Perpetual spinach is related to Swiss chard and beets, but it is more "spinach-like" in flavor. Photo by Baker Creek Heirloom Seed Company.

Perpetual spinach is related to Swiss chard and beets, but it is more “spinach-like” in flavor. Photo by Baker Creek Heirloom Seed Company.

Perpetual spinach (Beta vulgaris), or spinach beet, is a leafy green that is the same species as Swiss chard and beets, but tastes more like a true spinach and is known for its mild, slightly sweet flavor. It is a great source of vitamins A, C, and K, as well as calcium, magnesium, and iron.

Perpetual spinach can tolerate cooler temperatures than New Zealand and Malabar spinach, but it also grows well in warm weather and can continue to produce throughout the growing season.

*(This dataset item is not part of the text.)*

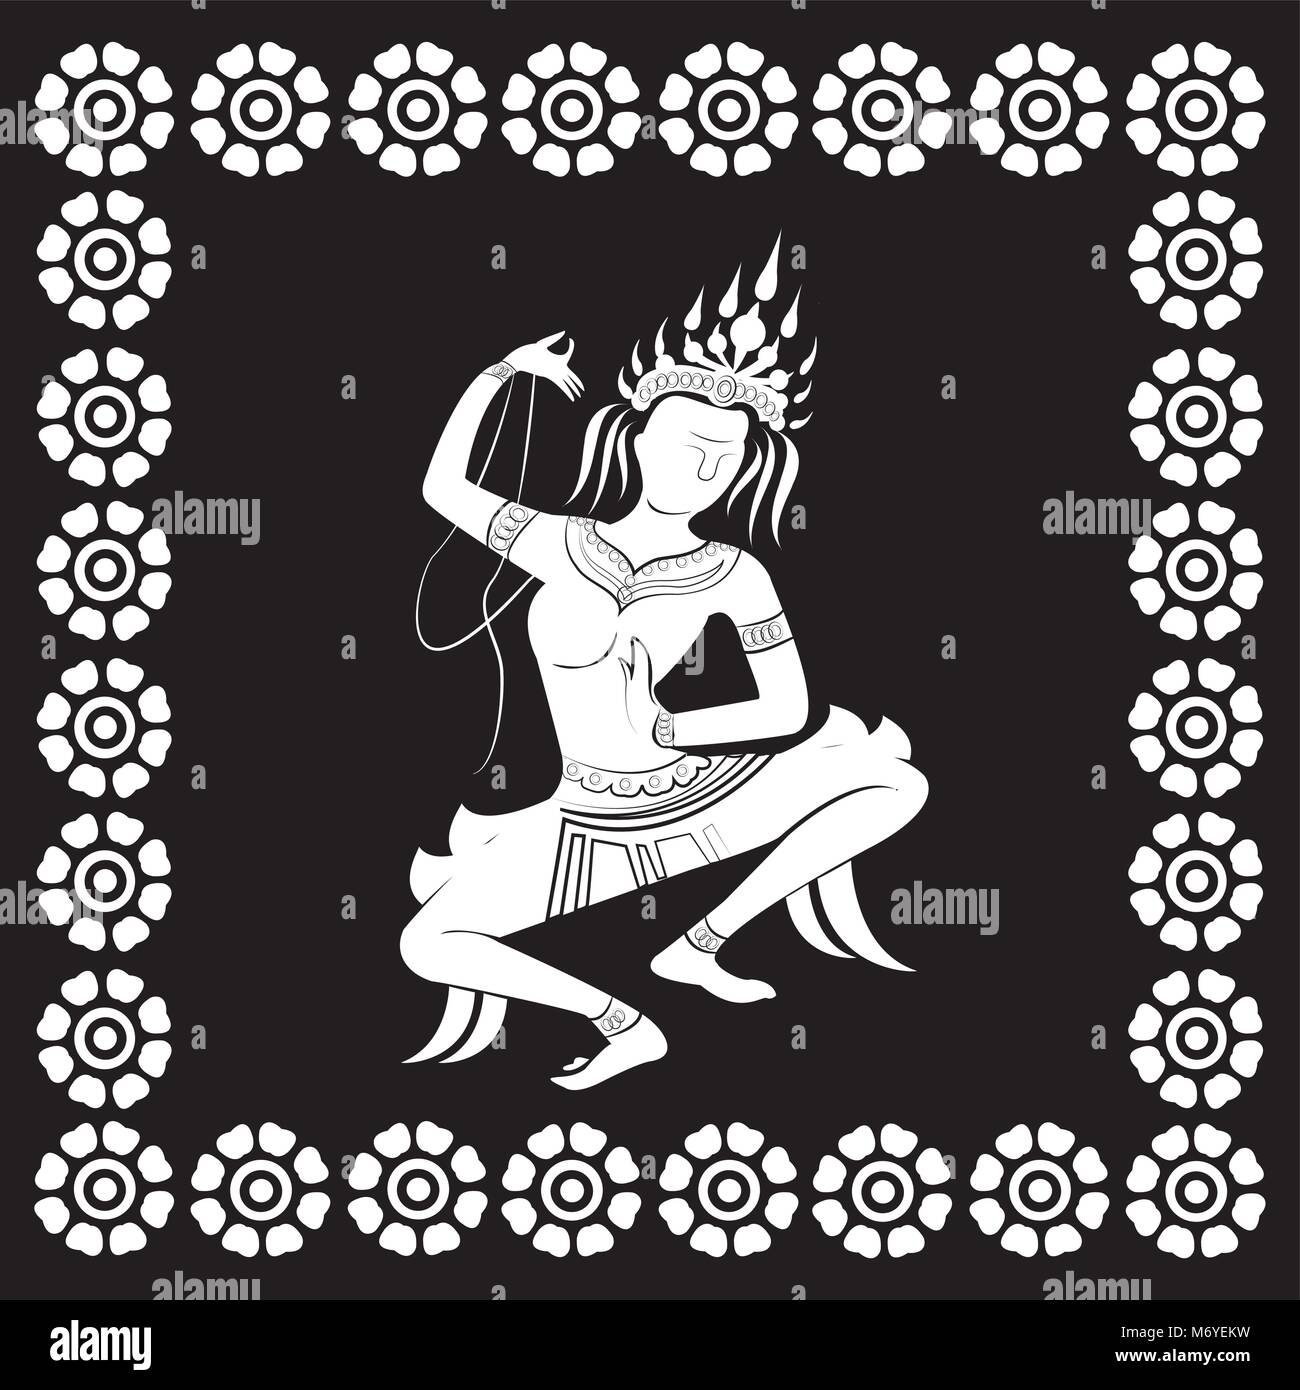 apsara dance, white silhouette on black background, vector illustration Stock Vector

Sow seeds a half-inch inch deep, two inches apart. Water well and keep the soil moist but not waterlogged. Again, be patient, as like the other heat-loving greens, perpetual spinach can take up to two to three weeks to germinate.

Once the plants have sprouted, thin them out so that they are spaced six to eight inches apart. Begin harvesting by cutting leaves at the base of the stem. If the plants get too big or the leaves begin to taste bitter, cut the leaves back to about three inches above the soil and they will produce new, tender leaves. 

Learn more about perpetual spinach through the NC State Extension’s Beta vulgaris Plant Toolbox page or the University of Hawaii fact sheet Perpetual Spinach (Beta vulgaris L. Cicla group).

While these heat-loving greens do not taste the same as lettuce, true spinach, kale, or collards, they are incredibly versatile in the kitchen and have a unique flavor profile. They can be eaten raw in salads, or they can be cooked in a variety of dishes. For example, New Zealand spinach can be sautéed with garlic and lemon juice, while Malabar spinach can be used as a green in a delicious stir-fry. Perpetual spinach can be used in soups, stews, casseroles, and salads.

Other heat-loving greens to try out in the garden include Okinawa spinach (Gynura crepioides), longevity spinach (Gynura procumbens), and Surinam spinach (Talinum triangulare).

If you are looking to keep homegrown greens on the dinner table this spring and summer, give heat-loving greens a try! They are easy to grow, resistant to pests and diseases, and are great additions to many dishes.